Долго ездили по тундре, но все же чум нашли. Петя и Дуня были в чуме, сидели опечаленные, подавленные, неразговорчивые. Оли в чуме не было. Из спального мешка выглядывал ребенок, мальчик, возрастом около двух лет. Увидев незнакомого мужчину, хозяева чума оживились, даже обрадовались. Подошли к нему, обступили. По их поведению чувствовалось, что они ждали от дяди какого-то важного сообщения. Ждали, что незнакомец сам начнет разговор. Когда дядя Григорий представился и сообщил им цель своего приезда, они поняли, что тот о происшествии в чуме ничего не знает. Опять сели на свои места, поближе к ребенку, к гостю потеряли всякий интерес. Дядя Григорий, конечно, уже понял, что здесь произошел какой-то крупный конфликт. Но разговорить Петю и Дуню было трудно.
Потом, когда Григорий вытащил из сумки бутылку огненной воды, уже после первого стакана Петя и Дуня разговорились. Перебивая друг друга, рассказали:
– Как-то утром, оставив Олю с ребенком в чуме, мы с Дуней уехали на стоянку оленей посмотреть, все ли там в порядке. Стоянка была недалеко. Планировали приехать обратно через два-три часа. Все было, как всегда, тихо, спокойно. Ничто не предвещало никакой опасности. Посторонние люди сюда попадают случайно, один раз в несколько лет. Вернулись, как и рассчитывали, через два часа, спокойные и довольные поездкой, так как стадо оленей было в порядке. Но когда вошли в чум, увидели, что Оли в чуме нет. Ребенок сидел и плакал, с него никакого спроса, он ничего не понимал. В этих местах принято считать так: если в чуме человека нет, значит, его уже нет нигде.

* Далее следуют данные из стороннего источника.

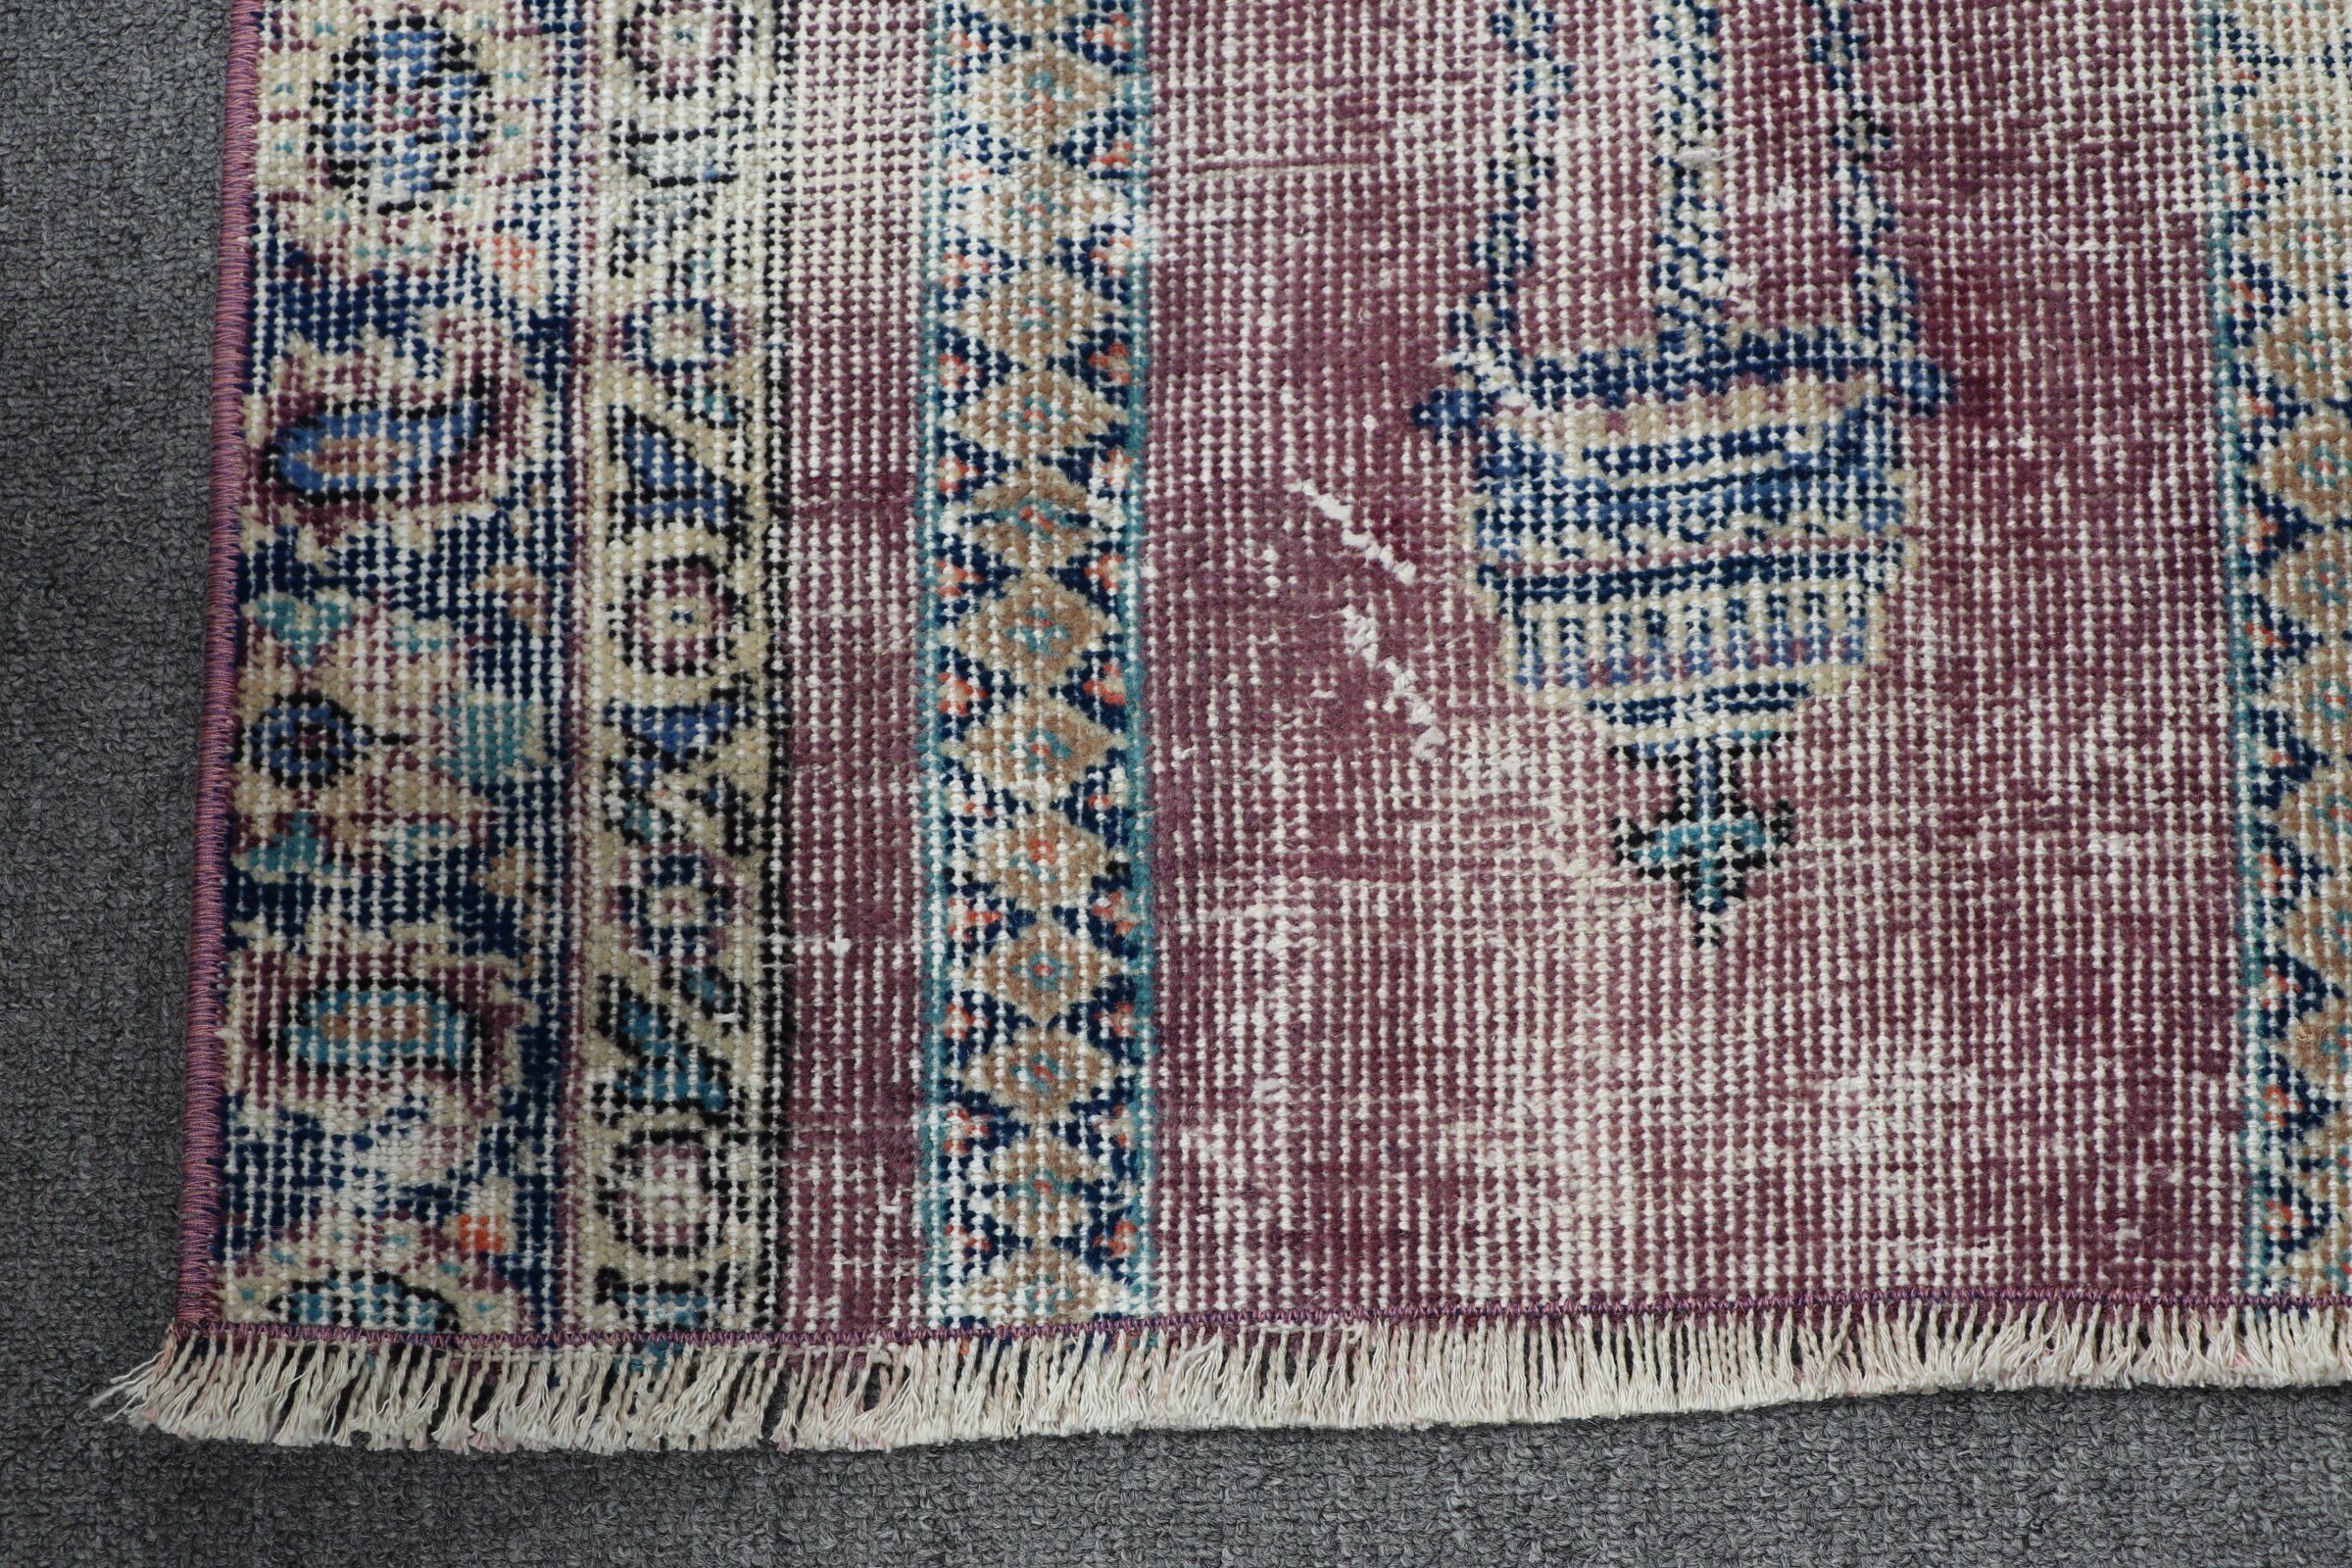 Vintage Rug, Turkish Rug, Car Mat Rug, Floor Rug, Oriental Rugs, Wall Hanging Rug, Purple  1.9x2.8 ft Small Rug, Bedroom Rugs

Вокруг равнина, вокруг снега. Все просматривается на десятки километров. При такой обстановке искать бесполезно – здесь не город и даже не деревня, здесь нет домов, лесов и гор. На улице мороз за сорок. При такой погоде пешком человек десять километров не пройдет. Он обязательно замерзнет. Однако девочки не стало. Сидеть сложа руки не будешь. Стали искать. Объездили всю округу, но Олю, как и предполагалось, не нашли. Искали так далеко, что на такое расстояние не уйдет даже мужчина, родившийся в тундре. С другой же стороны, у Оли не было ни малейшей необходимости куда-то уходить, тем более бросать ребенка одного.

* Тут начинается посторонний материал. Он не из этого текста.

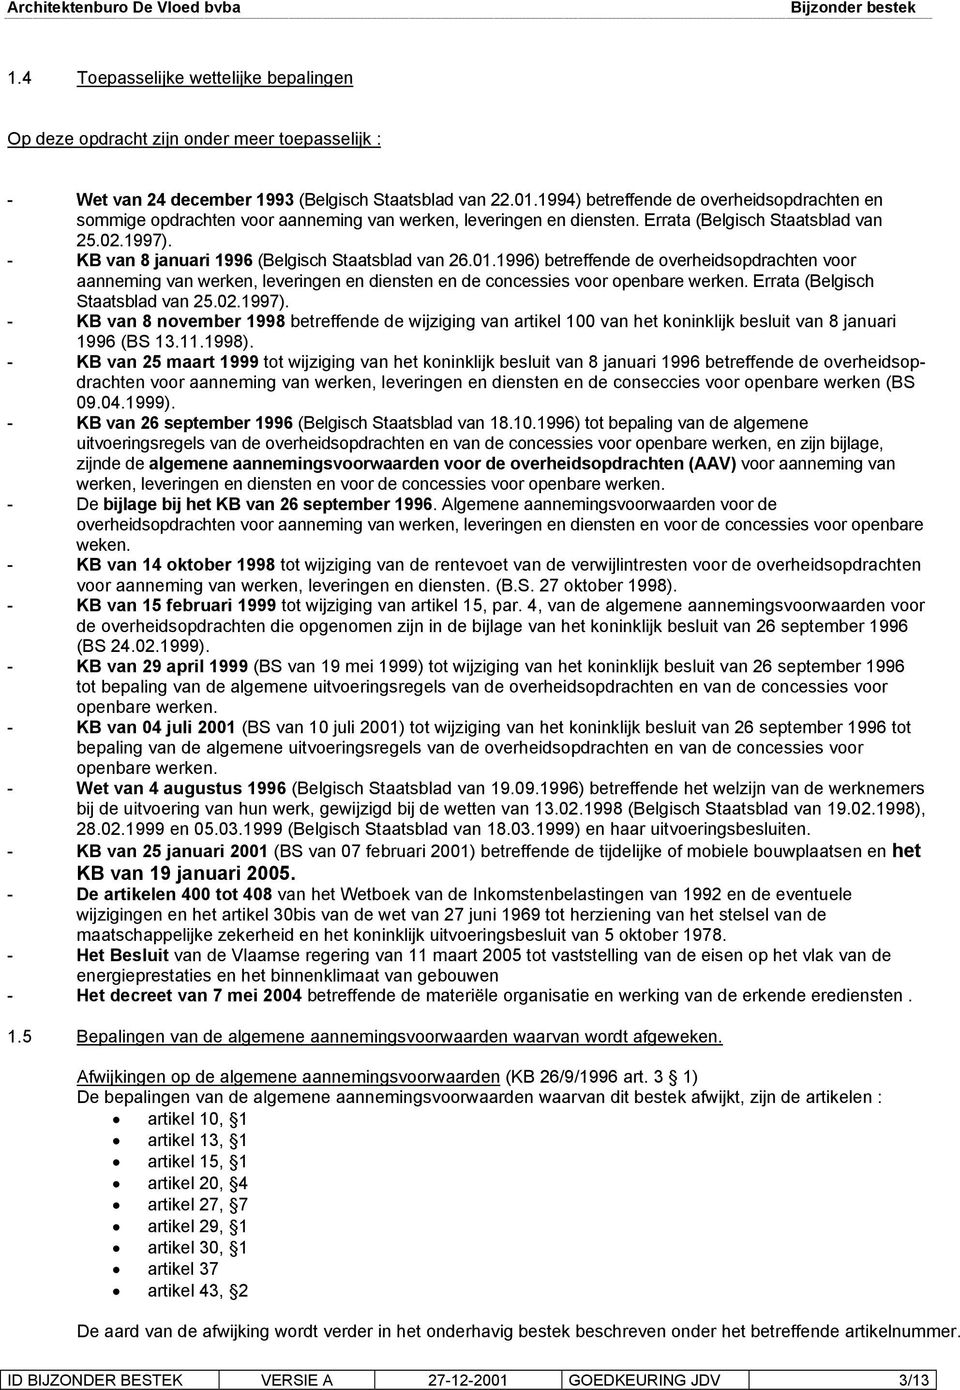 - KB van 8 januari 1996 (Belgisch Staatsblad van 26.01.1996) betreffende de overheidsopdrachten voor aanneming van werken, leveringen en diensten en de concessies voor openbare werken.

– Олю, – говорил Петя, – мы уже считали своей дочкой и сходили с ума от горя, от ее потери. Ведь она нам родила внука. Олю и ее ребенка мы любим, как своих кровных детей. Мы подняли на ноги всех своих родственников, все чумы, как ближние, так и дальние. Таким образом, поиск Оли охватил сотни километров тундры. Но ни Оли, ни ее следов обнаружено не было. Поиски продолжались всю зиму и лето.
Мы с женой впали в глубокую депрессию: только-только появился смысл жизни – как тут же утерян безвозвратно. Но у нас остался ребенок Оли – маленький Славик. И это нас успокаивало, придавало сил и смысл жизни. Видя дитя в нашем чуме, мы, конечно, были безмерно счастливы. В то же время были и большие тревоги. Боялись, что кто-то приедет и заберет Славика.
Эти тревоги не покидали Петю и Дуню долгие годы, пока Славик не повзрослел и не стал их считать своими родителями. Конечно, о том, что у него была мама Оля, и при каких обстоятельствах ее не стало, Славик знал.
– Поскольку Олю и ее следы никто не обнаружил – продолжал Петя, – мы все пришли к выводу, что Оля имеет божественное происхождение, так, как и на вид и в поступках она была похожа на богиню.
Потом Петя с Дуней все осмыслили и переосмыслили. Вспомнили, как Олю сюда неожиданно привез человек, одетый по-царски, с дорогущими подарками. Его и Олю везли на нартах, а позади еще упряжка с продуктами, одеждой, обувью и другими дорогими вещами. Оля неожиданно пришла и так же неожиданно ушла. Все дружно пришли к выводу, что Олю прислал сам бог, чтобы Оля оставила божьего ребенка и ушла опять к богу. Поэтому и следов никаких не осталось.
– День исчезновения Оли, – сказал Петя, – мы объявили праздником. Устраиваем гуляние, молимся богу и его дочери – Оле.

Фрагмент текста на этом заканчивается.